Problem statement → Your copy should match the listing below exactly, except that it holds no images.

Recorded data →
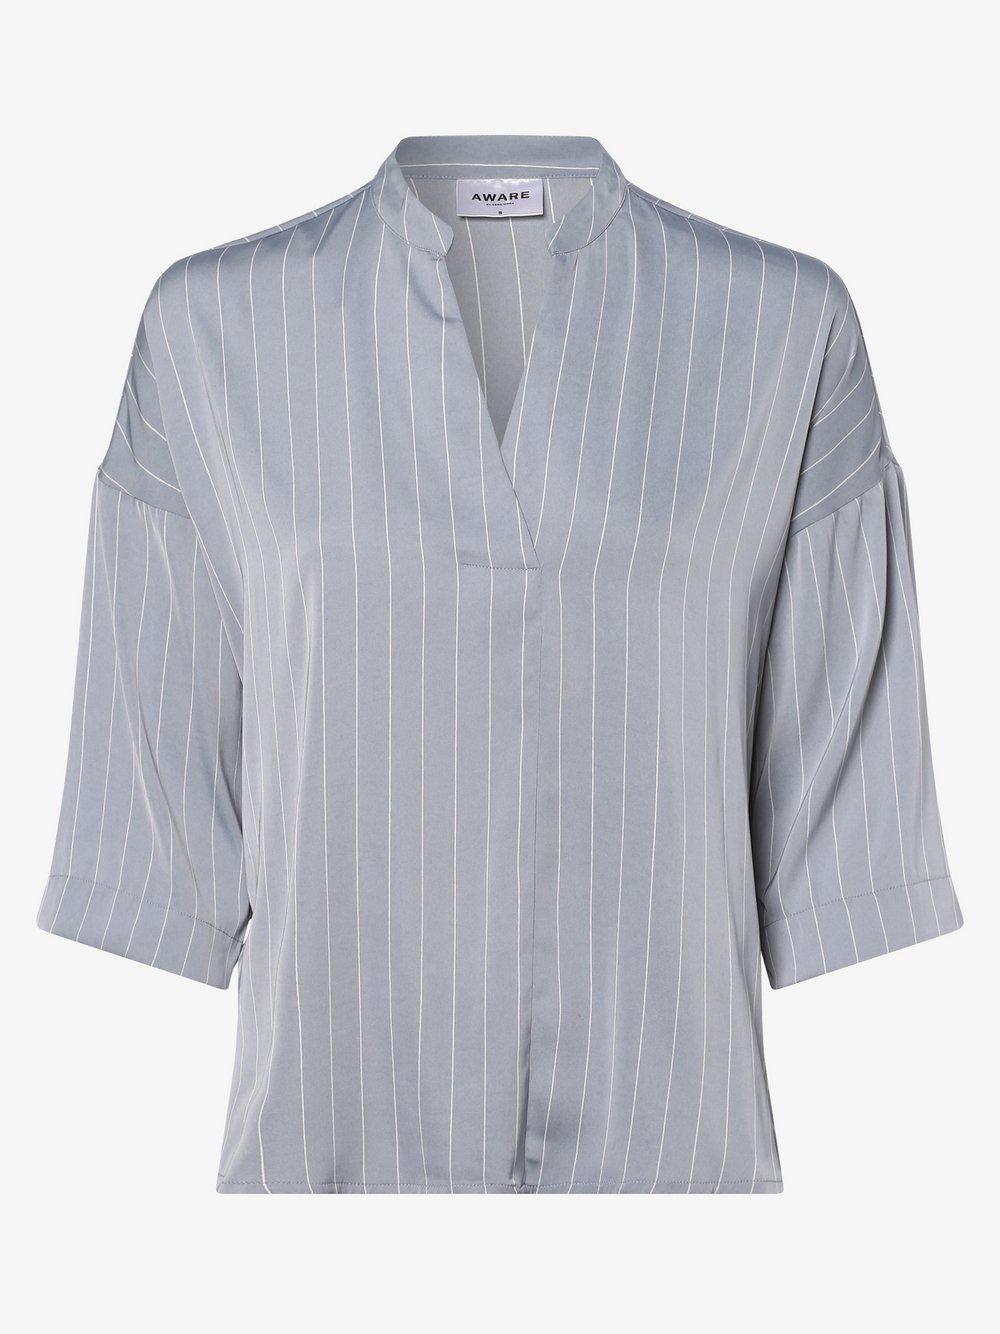 Vero Moda – Bluzka damska – Vmkarolina, niebieski Van Graaf 469118-0001
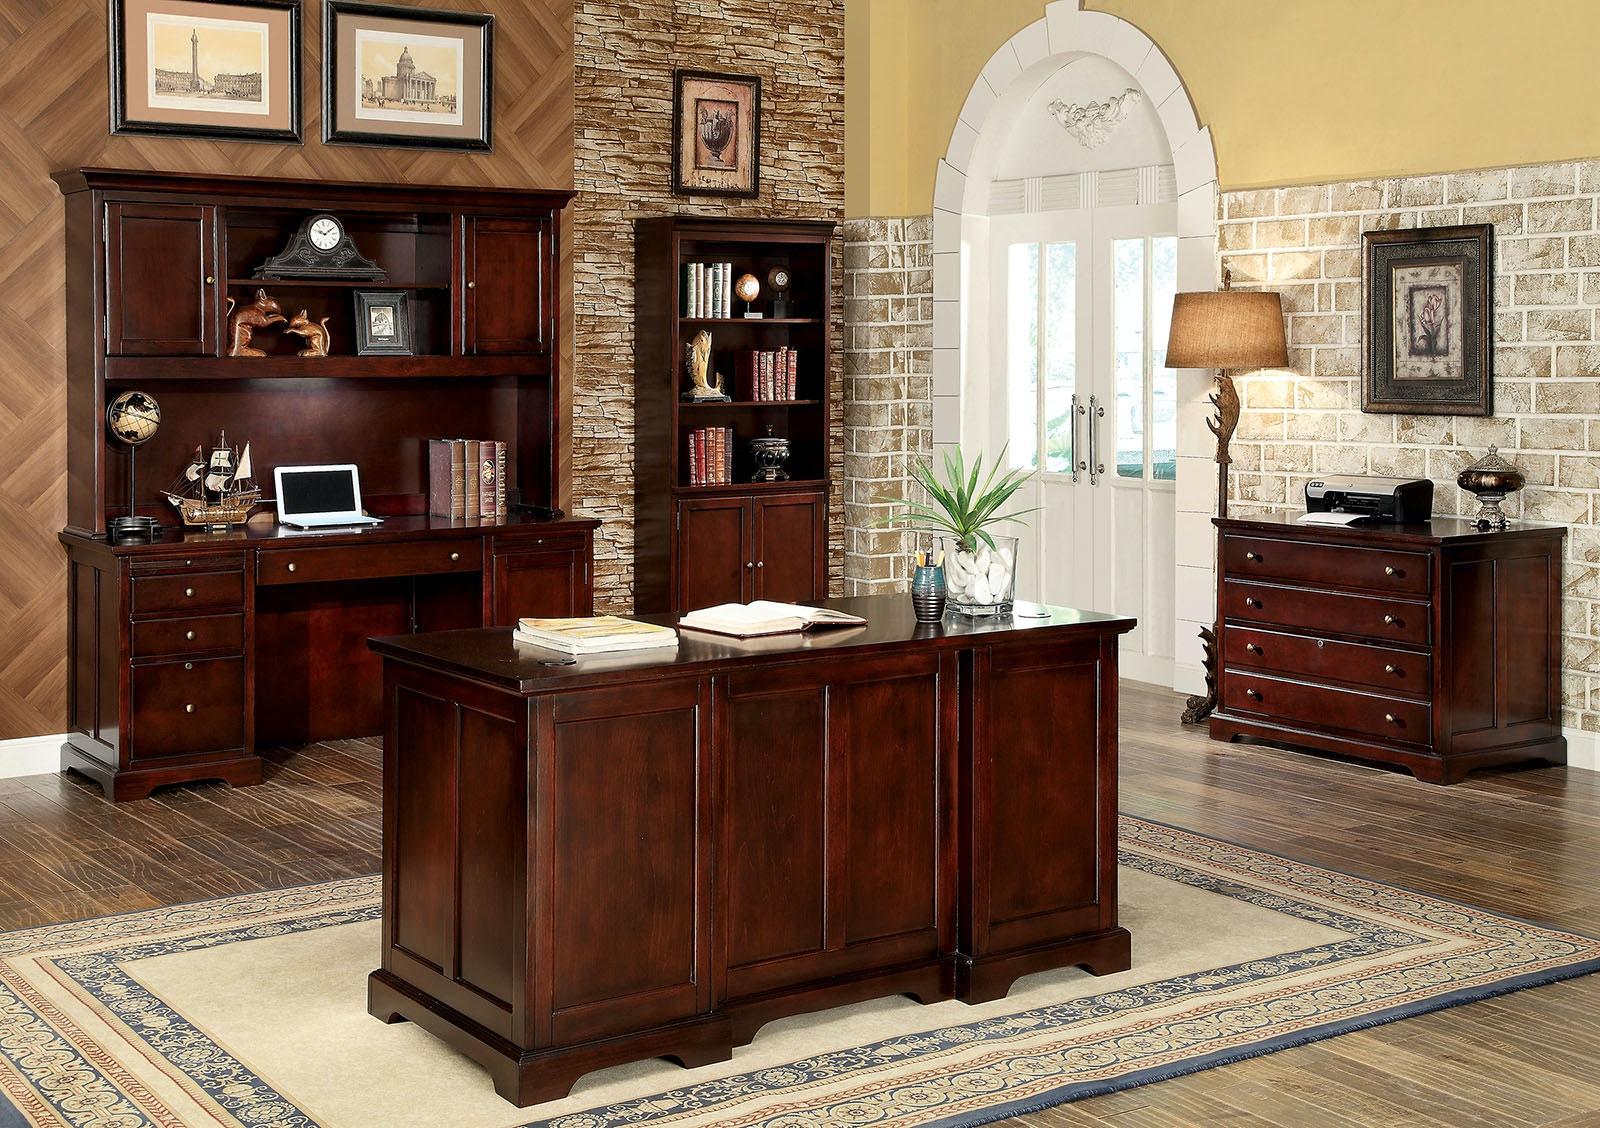 Furniture Of America Office Desk, Cherry CM DK6207D
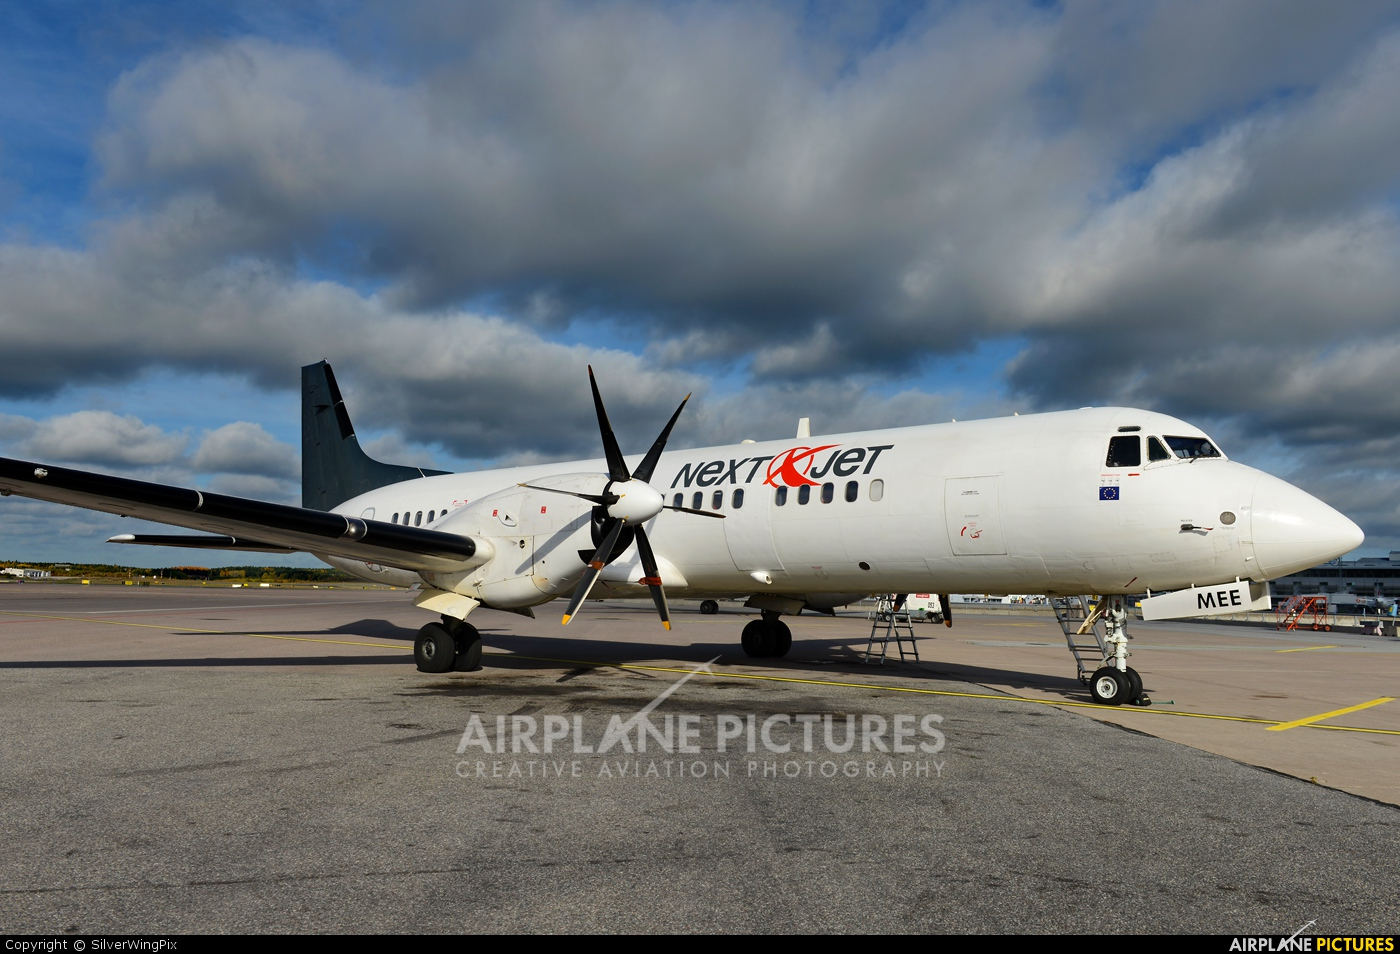 Nextjet SE-MEE aircraft at Stockholm - Arlanda

Final answer →
 Vero Moda – Bluzka damska – Vmkarolina, niebieski Van Graaf 469118-0001
 Furniture Of America Office Desk, Cherry CM DK6207D
 Nextjet SE-MEE aircraft at Stockholm - Arlanda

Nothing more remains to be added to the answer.